Zeynep Fadillioglu était surtout connue pour avoir réalisé la décoration intérieure de restaurants chics et branchés à Istanbul et à Londres. Cette designer turque de 53 ans exerce désormais ses talents artistiques dans la construction… d’une mosquée.
Situé sur la rive asiatique de la mégapole turque, l’édifice a été commandé par une riche famille turco-saoudienne. « J’ai pleuré quand le projet m’a été proposé, raconte-t-elle. A ma connaissance, jamais une telle tâche n’avait été confiée à une femme auparavant. »

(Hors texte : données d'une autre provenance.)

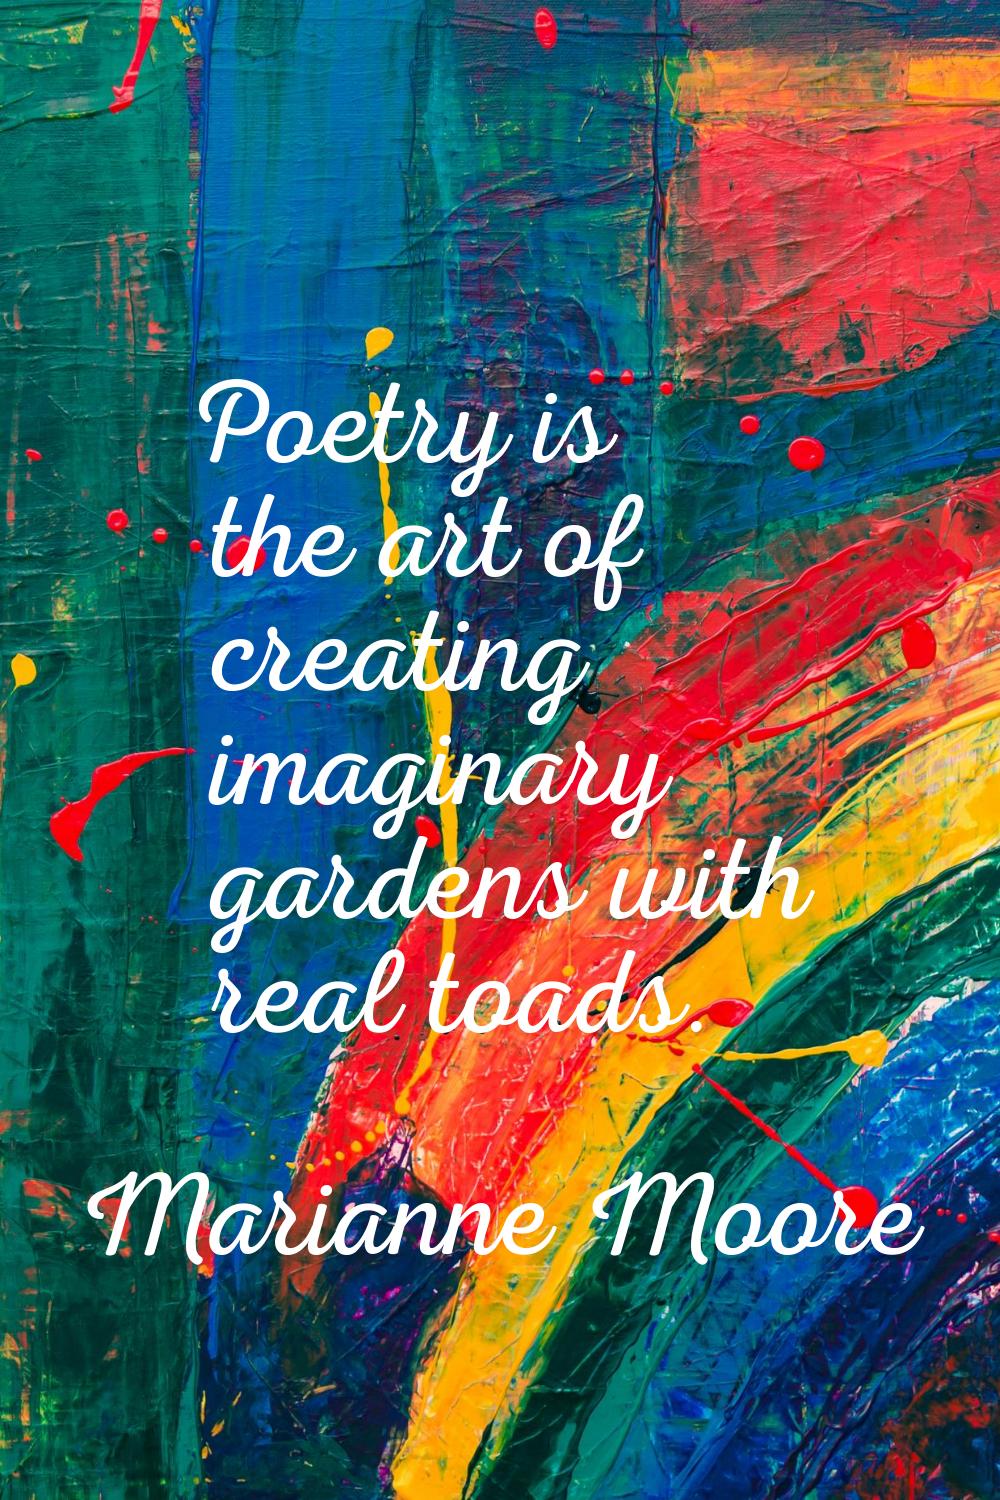 Poetry is the art of creating imaginary gardens with real toads.

A la tête d’une équipe d’architectes, « essentiellement féminine », Zeynep Fadillioglu a conçu une mosquée lumineuse et douce, une synthèse d’avant-garde et d’art traditionnel. Le dôme en aluminium a été réalisé par le designer britannique William Pye. Dans la cour, les minarets se reflètent dans le miroir de la fontaine aux ablutions. Dans la salle, les murs en verre ouvrent sur le monde extérieur. Des écritures stylisées, reprenant le rythme des versets coraniques, ondulent le long des parois. Tel un écrin, ces volutes dorées envelopperont les fidèles.

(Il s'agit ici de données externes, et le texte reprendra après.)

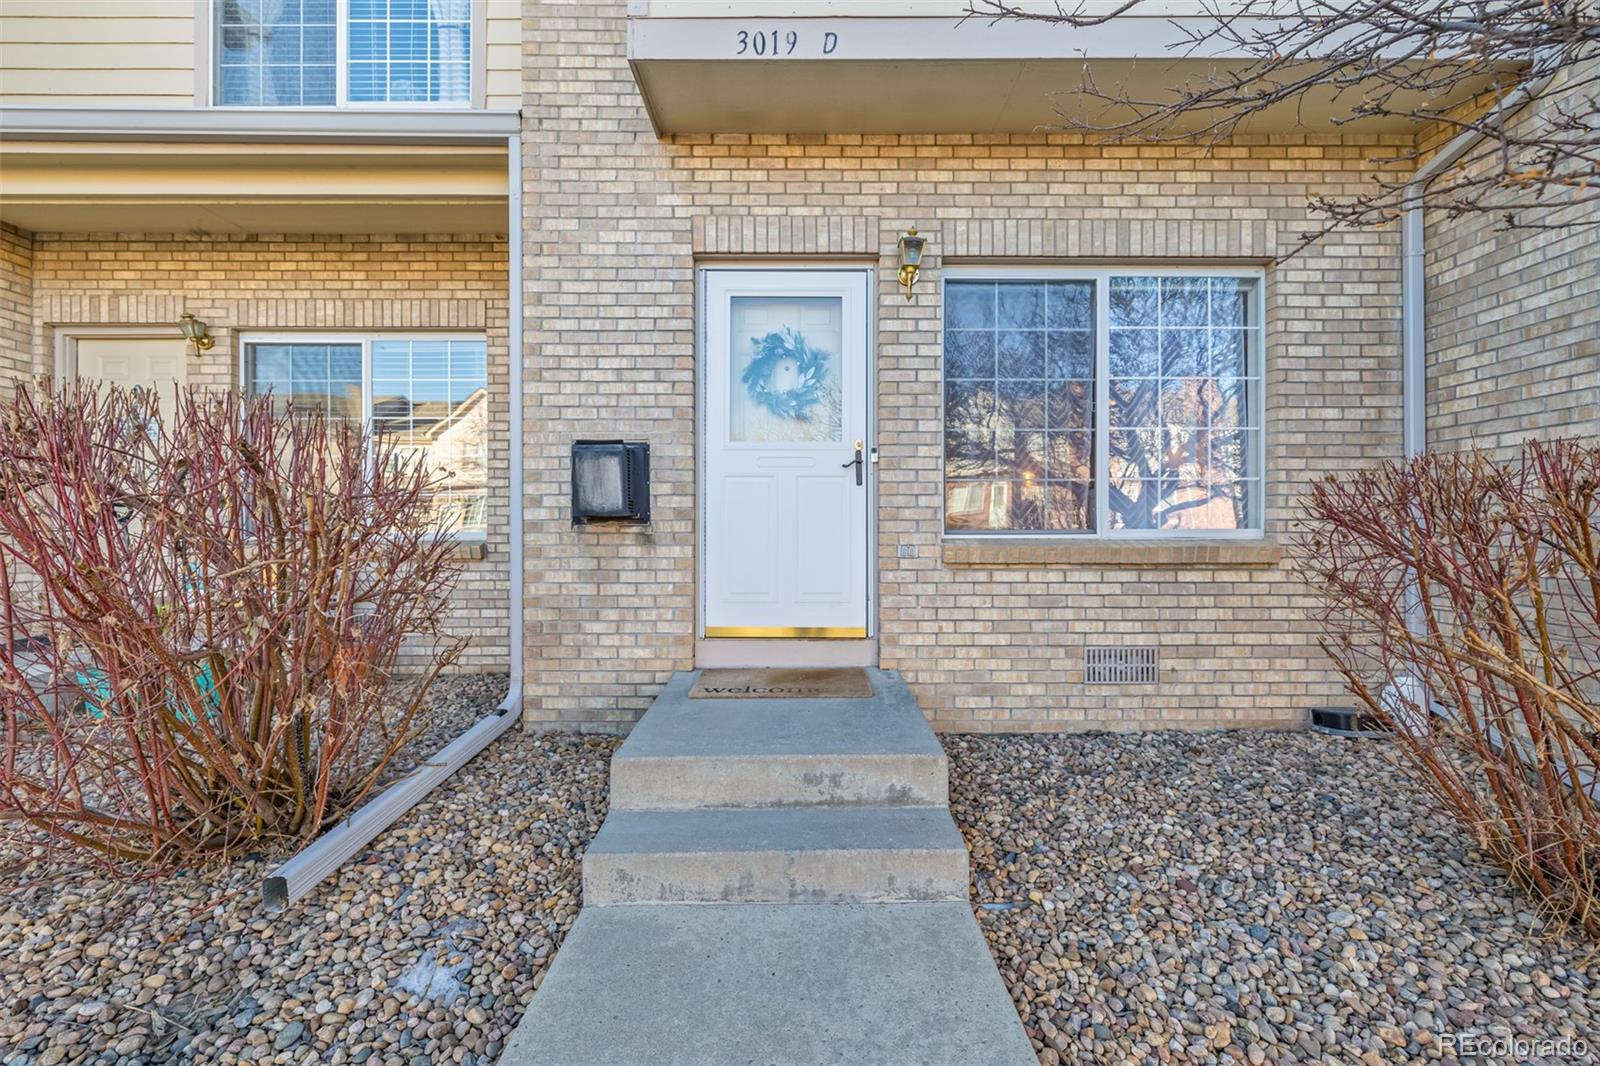 Report Image for 3019 W 107th Place,Westminster, Colorado

« Je veux que les gens s’approprient le lieu, qu’ils s’y sentent en paix, explique-t-elle. Il fallait donc doser l’innovation afin de ne pas les effrayer. » Un moment, elle a eu un doute sur la forme de coquillage du mihrab – la niche dans laquelle l’imam conduit la prière. « Mais le mufti (ndlr : dignitaire religieux) a adoré. »
Donner l’exemple
Sa grande fierté, c’est la place réservée aux femmes dans la mosquée. Zeynep Fadillioglu a voulu un endroit ouvert, qui donnera l’exemple. « Dans certains coins d’Anatolie, la section des femmes est reléguée à côté des toilettes, critique-t-elle. Une telle ségrégation n’existait pas à l’époque du prophète. »
La Turquie, république laïque, a accordé très tôt des droits aux femmes : celui de voter par exemple, obtenu en 1934, de divorcer ou d’avorter. Mais un islam patriarcal pèse encore sur une grande partie des Turques.
Pur produit de la grande bourgeoisie laïque d’Istanbul, cette architecte d’intérieur revendique son identité musulmane, tout en étant très peu pratiquante. Elle reconnaît d’ailleurs « avoir eu quelques préjugés avant de faire travailler ensemble des calligraphes, spécialistes de l’art religieux, et des artistes contemporains. En fait, tout s’est très bien passé. » Les critiques sont plutôt venues de certains de ses amis, farouchement laïques. Car la société reste divisée sur la place que doit occuper la religion dans l’espace public.
Zeynep Fadillioglu espère que la mosquée, dont l’ouverture au public est prévue au printemps prochain, sera un symbole d’harmonie et « qu’elle ne sera récupérée par aucun camp ».